2. A structure according to Claim 1, in which the components are impact resistant and primarily or wholly of concrete.

3. A structure according to Claim 1, in which each cpm ponent consists of a hollow outer mould which is filled by concrete.

4. A structure according to Claim 3, in which each mould is formed from a temporary material which will erode away such as cardboard.

5. A structure according to Claim 3, wherein each mould is made from a durable material such as plastic.

6. A structure according to Claims 3, 4 or 5, in which the moulds have two open ends.

7. A structure according to any one of the preceding Claims, in which the components are either circular or elliptical in cross-section.

8. A structure according to any one of the preceding Claims, in which the components are coupled together with spacers consisting of incompressible but flexible tubing which extends between the components and which allows the components to flex with respect to each other, but does not allow distance between the components to vary.

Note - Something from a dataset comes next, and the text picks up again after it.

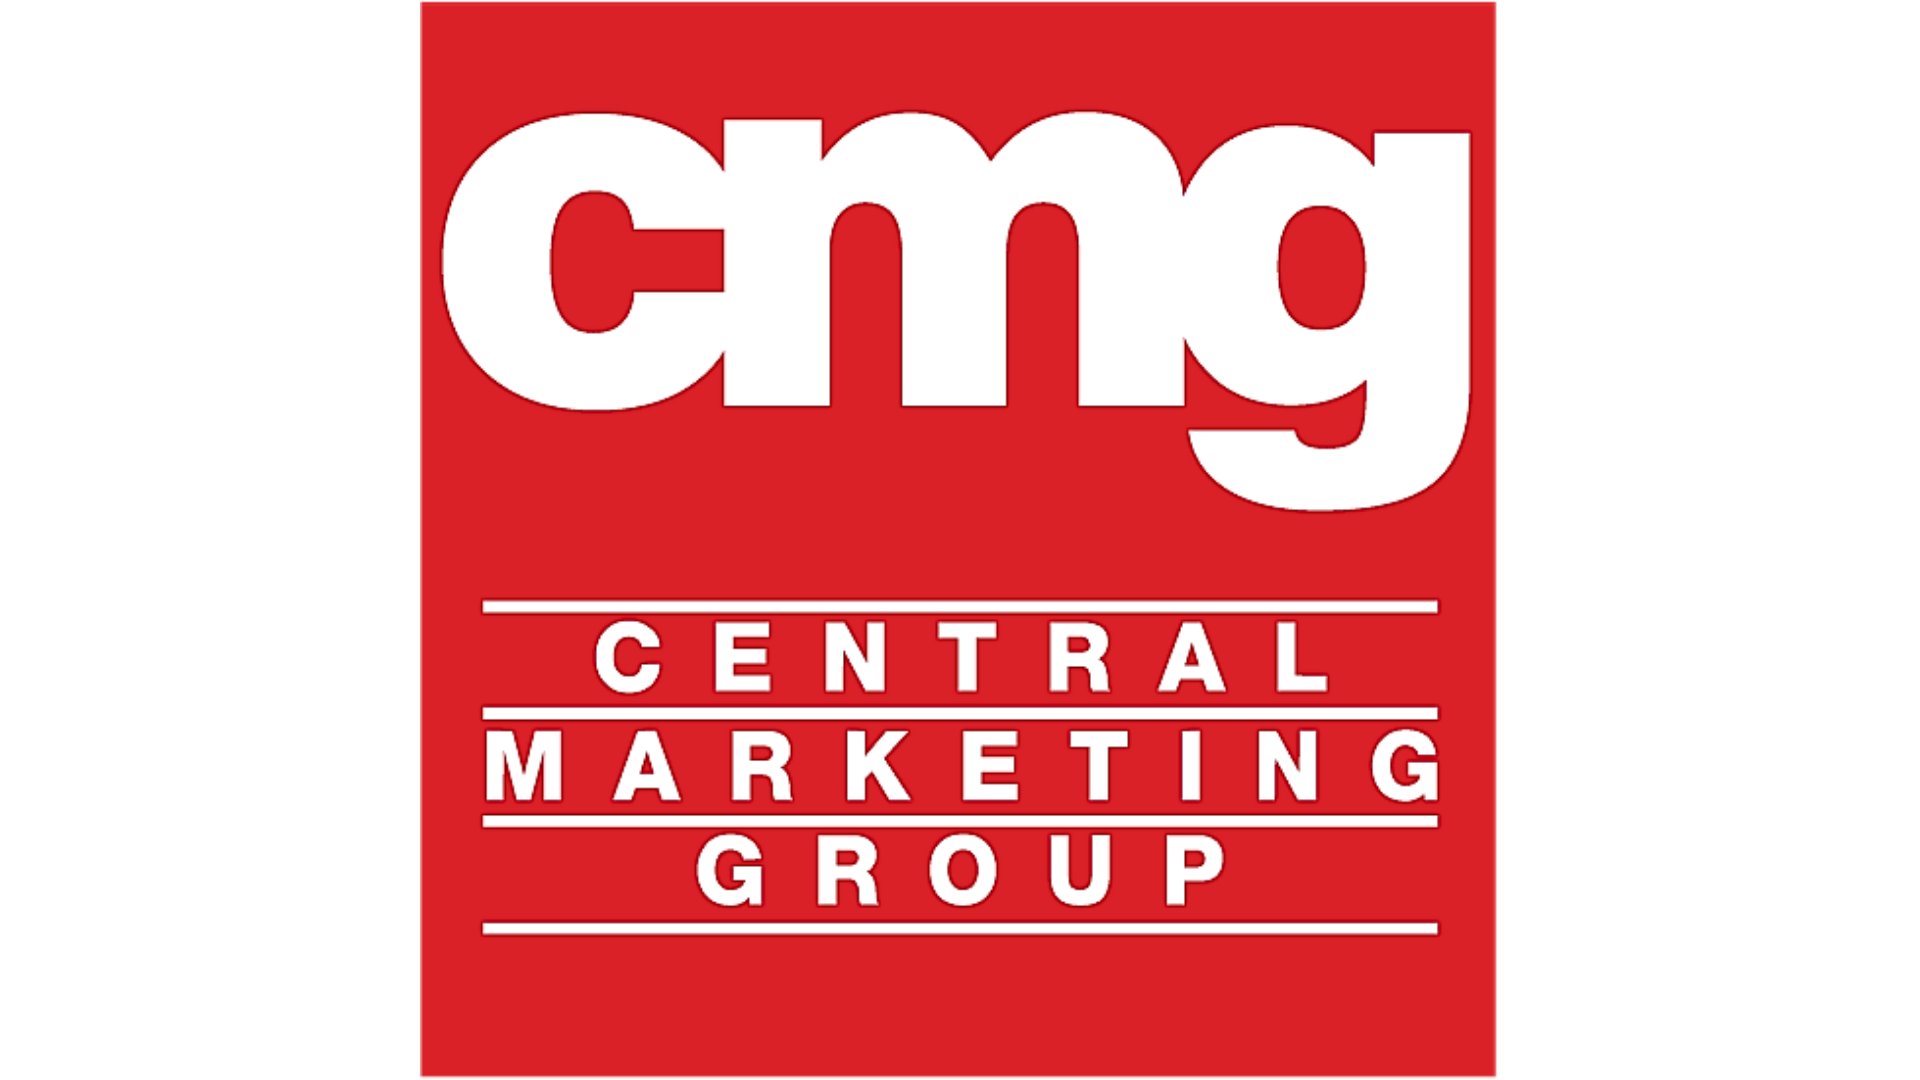 CENTRAL MARKETING GROUP

9. A structure according to any one of the preceding Claims, in which the components are of constant cross-section.

10. A structure according to any one of the Claims 1 to 8, in which the components have tapered or stepped side walls being interconnected by the rope network at a mid zone of the component's height which provides the maximum crosssection of the component.

11. A method of forming a cellular stabilization and protective structure for protecting and/or strengthening an area of ground surface, or other underlaying material or items, comprising providing a plurality of discrete substantially similar moulds, and arranging the moulds in one layer with an open surface of the moulds being substantially aligned with one another to form an upper surface of the structure, the moulds being arranged in a close-packed hexagonal manner; the crosssection of the moulds being such that perforations are defined between the moulds, the collective arrangement of the moulds being such that the axes which are defined by their closepacked hexagonal collection passing through the central axis of each mould define three discrete sets of parallel axes which intersect one another at the centre points of the moulds, the moulds being coupled to one another in the structure such that moulds along all the axes in at least two of the sets are coupled to one another along said axes, the connection between a pair of moulds being by means of a flexible elongate member passing between the pair of moulds, covering the perforations and then filling the moulds with concrete.

12. A method according to Claim 11, in which an insert is provided which fits in the perforations between the moulds to block the perforation and once the moulds have been filled the insert is removed.

13. A method according to Claim 11, in which the method of filling the moulds comprises providing a collar which fits into the top of each mould and then providing a perforated sheet of polythene which is a tight fit around each collar of each mould, fitting the polythene sheet into place over each collar and then filling the moulds through the holes in the polythene and after completion removing the polythene together with the collars.

14. A cellular stabilization and protective structure arranged substantially as described herein, with reference to, and as illustrated in Figures 1, 3, 5, 11 and 12 of the accompanying drawings.

15. A cellular stabilization and protective structure arranged substantially as described herein, with reference to, and as illustrated in Figure 1, when adapted in accordance with Figure 2 of the accompanying drawings.

16. A cellular stabilization and protective structure arranged substantially as described herein, with reference to, and as illustrated in Figure 1, when adapted in accordance with Figures 4 and 6 of the accompanying drawings.

17. A cellular stabilization and protective structure arranged substantially as described herein, with reference to, and as illustrated in Figure 1, when adapted in accordance with Figures 15 and 18 of the accompanying drawings.

18. A cellular stabilization and protective structure arranged substantially as described herein, with reference to, and as illustrated in Figure 1, when adapted in accordance with Figures 7, 8 or 9 of the accompanying drawings.